Wednesday, December 10, 2025

Communication Through Eye Movements While Lucid Dreaming


In our Neuroscience Seminar this semester, I was so grateful to have the opportunity to learn about Dr. Gabriela Torres Platas research involving lucid dreaming and how to communicate with individuals during this state. Research on sleeping and dreaming is a relatively new topic in neuroscience due to the complexity and limited ability to truly test an individual while they are not awake. In this research, they are specifically testing the possibility of interacting with someone while they are dreaming. This would be done with two-way communication between the dreamer and the researcher during their REM stage of sleep, due to the fact that this is when lucid dreaming occurs. Dr. Platas emphasized her interest on the different types of lucid dreamers around the world, there are different tribes and religions that perform the action of lucid dreaming daily, these are called practitioners. There are different levels to lucid dreaming that one can reach through time and practice, the individuals that are part of the Tibet Tribe, as Dr. Platas discussed during the seminar, are very skilled lucid dreamers and can perform such actions as transversing and witnessing. 

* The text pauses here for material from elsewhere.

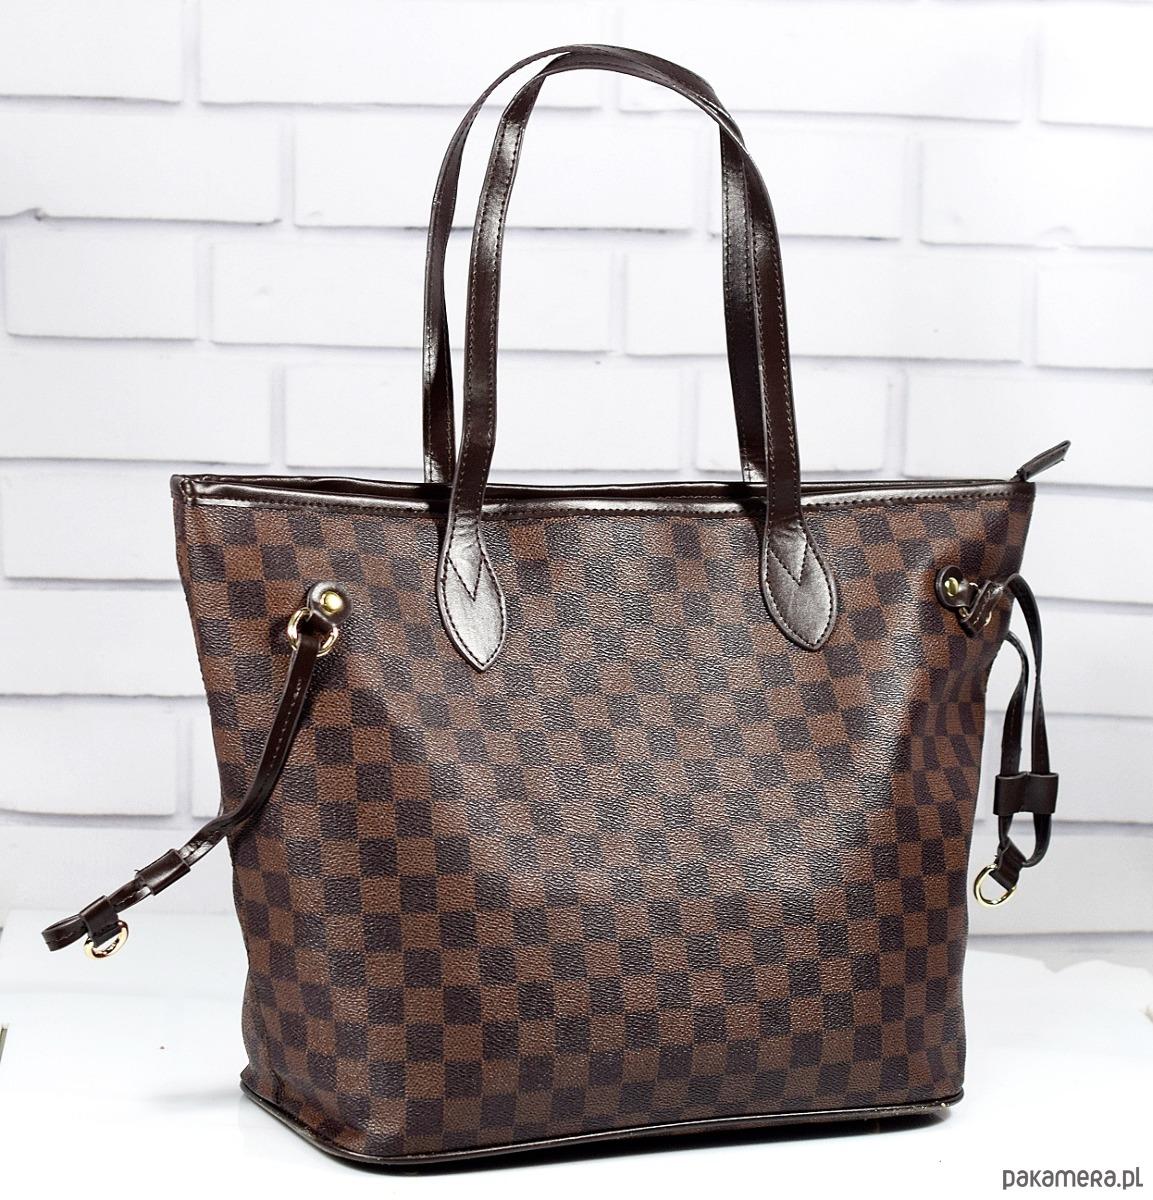 5360db9fd1b37 Torebka damska EMRE brązowa shopper miejska duża - torby na ramię ...

During Dr. Platas research, the participants were able to signal to the researchers while they were lucid dreaming, and this is what truly interested me in her research. Dr. Platas referred to the article, “Real-time dialogue between experimenters and dreamers during REM sleep” written by Dr. Karen R. Konkoly and other researchers. It discusses the experiment behind this two-way communication. The lucid dreamers had to realize they were in the dream state, then send the signal to the researchers by moving their eyes left to right. This is how the researchers were notified that the participant had begun to lucid dream. The eye movements were the main form of communication between the researcher and participant; they were able to even ask simple mathematical questions to the participant. For example, the researcher would ask the participant what eight minus six was, then the participant would perform two eye movements to signal that their answer to the question was two. By the end of the experiment, they were able to conclude that the participants had answered 29 questions correctly while lucid dreaming. The reason communication during lucid dreaming is such an important task to research is because it is very difficult to perform research and discover new theories about dreaming. Since dreaming does not happen during our wake state, collecting data can be inaccurate or complex, and oftentimes individuals are unable to recall their dreams after waking up.  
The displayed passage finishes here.